教員の熱意と面倒見の良さで
入学後に学力を伸ばせる環境
日本工業大学駒場中学校・高等学校は、近年受験者数が増加し、注目を集めています。工業科時代から大切にしてきた「人柄教育」と「面倒見の良さ」を受け継ぎながら、普通科専一校として教育改革を進めてきたことが、その大きな要因となっています。
さらに、2025年度からは、「国語教育」「学習指導」「キャリア教育・進路指導」「理数教育」「ものつくり教育」「グローバル教育」の六つを教育の柱とする「日駒新教育ハニカム構想」がスタートしました。その成果もあり、今春の大学入試では、京都大学・大阪大学をはじめとした国公立大学に13名、早慶上理に33名が合格。GMARCHへの合格者は129名に達しました(既卒生を含む)。

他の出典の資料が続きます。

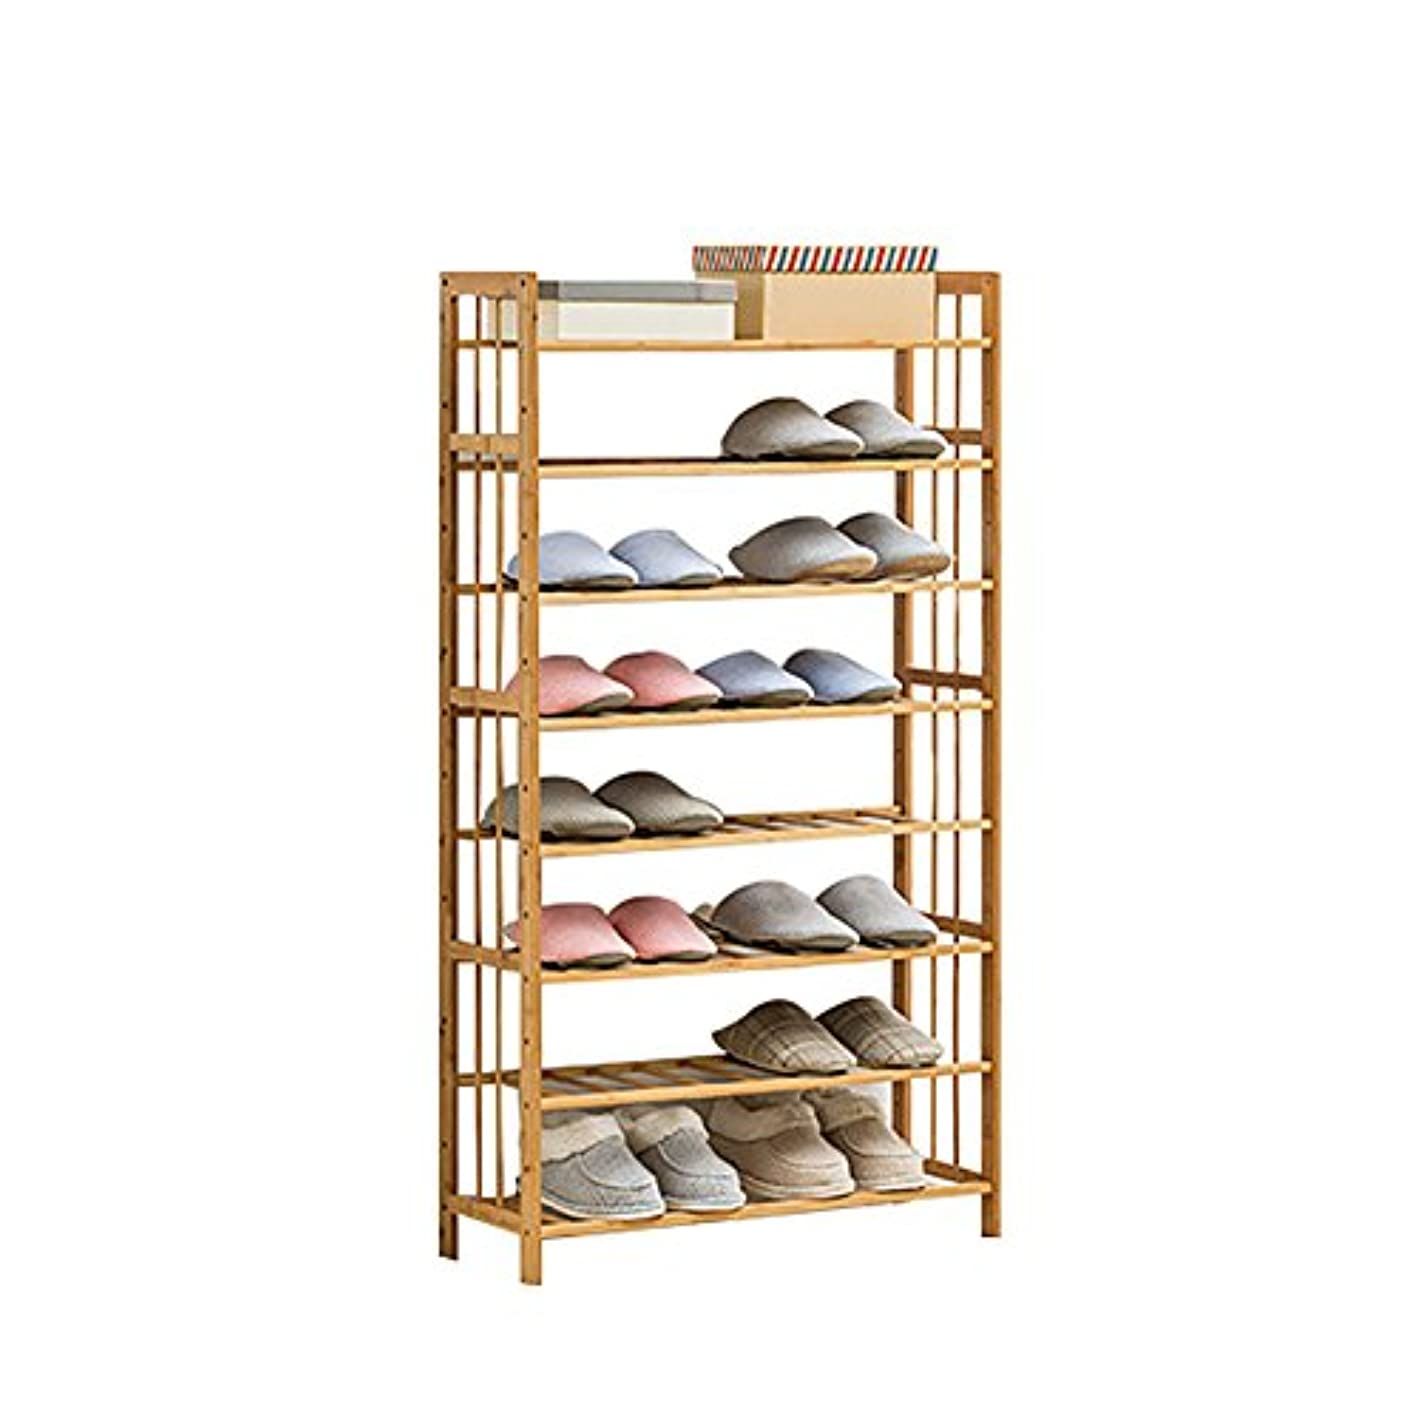 GX&XD 8-Tier Floor Bamboo Easy Shoe Rack,Assemble Dust-Proof Shoe Tower Stackable Shoe Organizer Shelves Holds 20-25 Pair of Shoes Unit entryway Shelf-A 70x25x125cm(28x10x49)

新教育運営推進室主任の竹内真先生は、「教員が生徒一人ひとりと向き合い、熱意を持って指導する校風の下、入学後に学力を伸ばせる環境が整っていることが本校の特徴です」と説明します。家庭学習を習慣づけるための「ファイトノート」の導入や、朝テスト、補習を実施しているほか、放課後の自習室には東大生を中心としたメンターが常駐し、生徒は自由に質問することができます。
また、難関大学に特化した高校生対象の受験対策プログラム「光風塾」や、中2・3を対象とした「光風塾ジュニア」(ともに選抜制)を設けており、教員や東大生中心の講師による質の高い授業を、教材費を除き無料で受講できます。「生徒それぞれの希望進路の実現に向けて、多様なデータを分析・活用しながら、きめ細かな指導を行っています」(竹内先生)
自習室では、大学生のメンターに質問や相談ができます
伝統ある「ものつくり教育」と
多彩なクラブ活動で人柄を磨く
人柄の形成と学力向上を教育の両輪とする同校では、普通科のみとなった現在も、人柄を育むために「ものつくり」を重視しています。技術の授業では、自転車のパンク修理や木工、陶芸などに取り組んでおり、「実体験を通じて、『ものつくり』の楽しさを感じるとともに、構造を理解したり、思考力を鍛えたりすることも大切にしています」と竹内先生は話します。
また、クラブ活動も人柄を育てるうえで重要な役割を果たしています。同校には46の多種多様なクラブなどがあり、「園芸養蜂部」「ものつくり部(機械班・自動車班・SL班・建築班)」といった珍しいクラブもあります。なかには、園芸養蜂部への入部をきっかけに、「動物の生態について専門的に学びたい」と考え、京都大学へ進学した生徒もいます。
「どの生徒にも、何かに熱中できる場がある―。そんな学校でありたいと考えています。これからも人柄と学力の両面を大切にし、生徒の成長や自立をサポートしていきます」と、竹内先生は強調しました。